Base theme by DesignModo & ported to Powered by Vanilla by Chris Ireland, modified by the "theFB" team.
Comments
Put the selector switch in one or other pickup position, not the middle. Connect the meter to the end of a cable plugged into the guitar, from tip to shield.
Turn the volume control to 0 - the meter should read 0. Turn it to 10 - the meter should read the DC resistance of the pickup.
Now turn it slowly between the two - the resistance will rise to a peak, then go down again. Find the peak value by carefully turning it back and forth until you're sure you can't find a higher reading. Then multiply that number by four, and subtract the resistance of the pickup.

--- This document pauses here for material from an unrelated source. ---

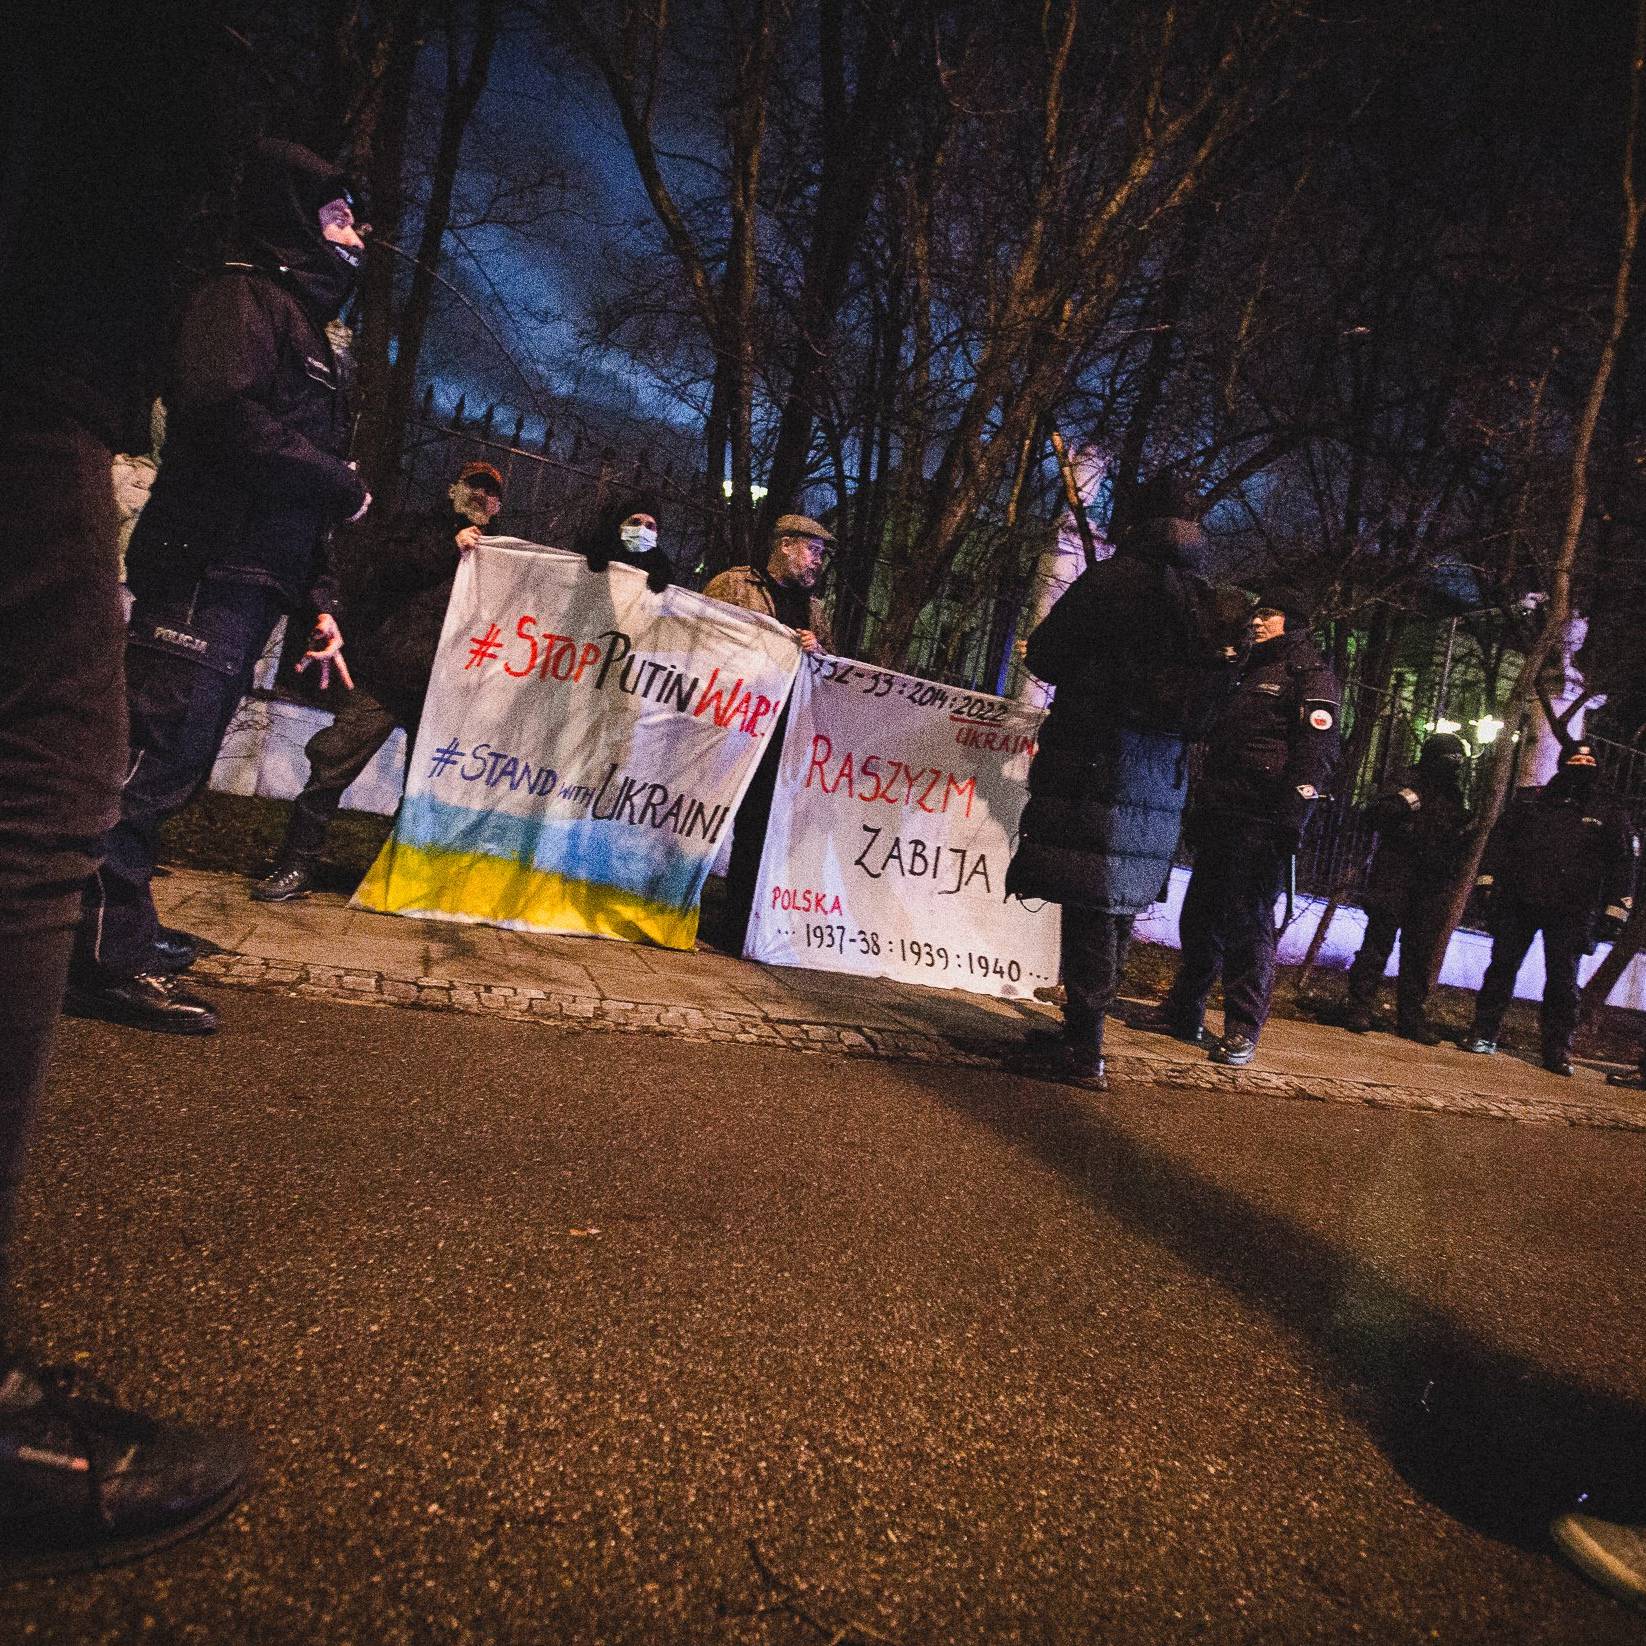 Warszawa, 23.02.2022. „Stop Puitin wars, stand with Ukraine”. Protest pod ambasadą Rosji

(This does assume that the pots are wired the normal Gibson way - if they're wired 'backwards' like a Rickenbacker, Jazz Bass or some far-east Gibson copies, simply turning the pot to zero will give you the pot value.)
"Take these three items, some WD-40, a vise grip, and a roll of duct tape. Any man worth his salt can fix almost any problem with this stuff alone." - Walt Kowalski
"Only two things are infinite - the universe, and human stupidity. And I'm not sure about the universe." - Albert Einstein
@ICBM, would this also be possible using the middle and side lugs themselves, as I have noticed these will give a reading of c.115 with the pot turned to ~8?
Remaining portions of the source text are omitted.